Prise en charge des AVC : la France ne tire pas pleinement parti des progrès médicaux

Alors que d’immenses progrès médicaux ont été réalisés dans la prise en charge de l’AVC, une grande partie des patients en profitent trop tard, voire pas du tout, déplorent à la fois spécialistes, Haute Autorité de santé et Cour des comptes. 

29/10/2025 Par Louise Claereboudt - Cardiologie Neurologie

“On a fait tellement de progrès scientifiques qu’il faut maintenant se concentrer sur l’offre de soins et la mise en œuvre de ces magnifiques découvertes”, résume à l’AFP la neurologue Charlotte Cordonnier, présidente de la Société française neuro-vasculaire (SFNV), à l’occasion de la Journée mondiale de lutte contre les accidents vasculaires cérébraux (AVC), mercredi 29 octobre.
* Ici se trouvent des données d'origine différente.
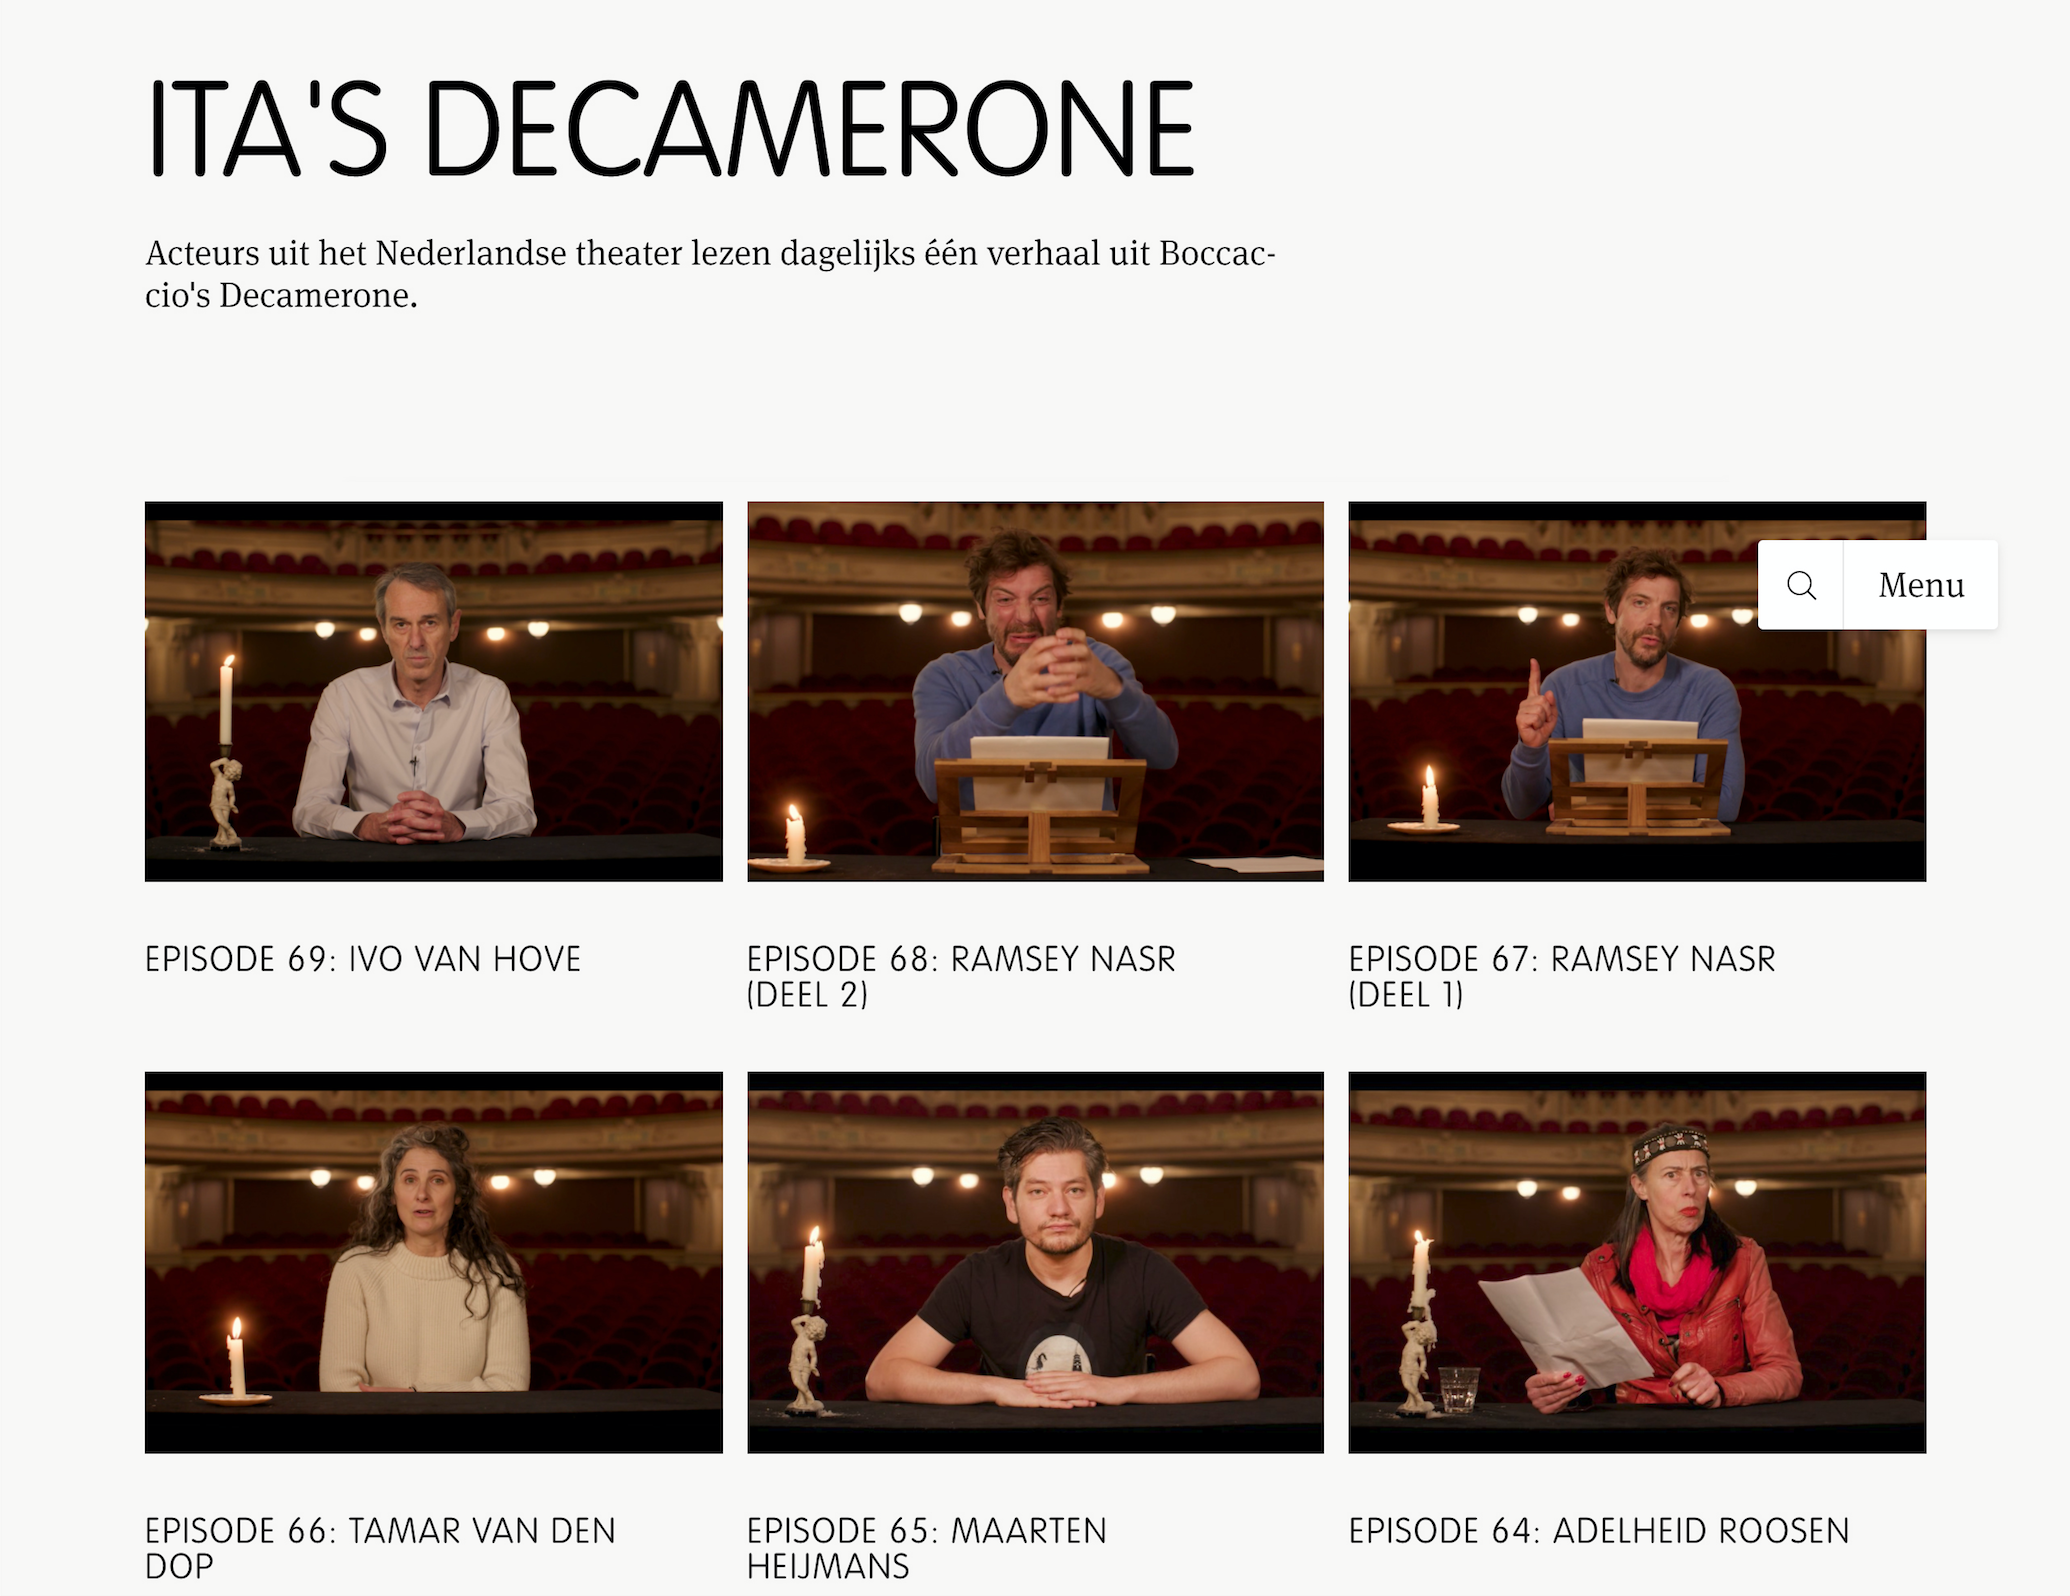 <center>ITA's Decameron project is an online marathon recording of Dutch actors reading a new story daily from Boccaccio's The Decameron — a collection of 100 stories from the 14th century Black Death retold for a time of global pandemic. (Image from the ITA website)</center>

Alors que les AVC tuent plus de 30 000 Français chaque année – représentant la première cause de mortalité féminine et la seconde masculine – et engendrent, pour les survivants, d’importantes séquelles, la France n’est pas à la hauteur de cet enjeu de santé publique, selon les spécialistes.

De nombreuses victimes d’AVC sont mal prises en charge, que ce soit lors du déclenchement de leurs symptômes ou dans leur suivi à plus long terme.

 

Pourtant, depuis la fin des années 1990, les innovations médicales se sont multipliées pour finalement révolutionner le traitement des AVC, du moins pour les AVC ischémiques qui représentent environ 80 % des AVC.

La thrombolyse, “validée sur le plan scientifique dès 1995 et qui s’est développée en France dès le début des années 2000”, et la thrombectomie, qui s’est développée à partir de 2015, ont “bouleversé la neurologie vasculaire, qui est passée ainsi d’une relative impuissance face aux AVC à l’exigence d’intervenir en urgence, de jour comme de nuit”, souligne la Cour des comptes dans un rapport publié ce mercredi.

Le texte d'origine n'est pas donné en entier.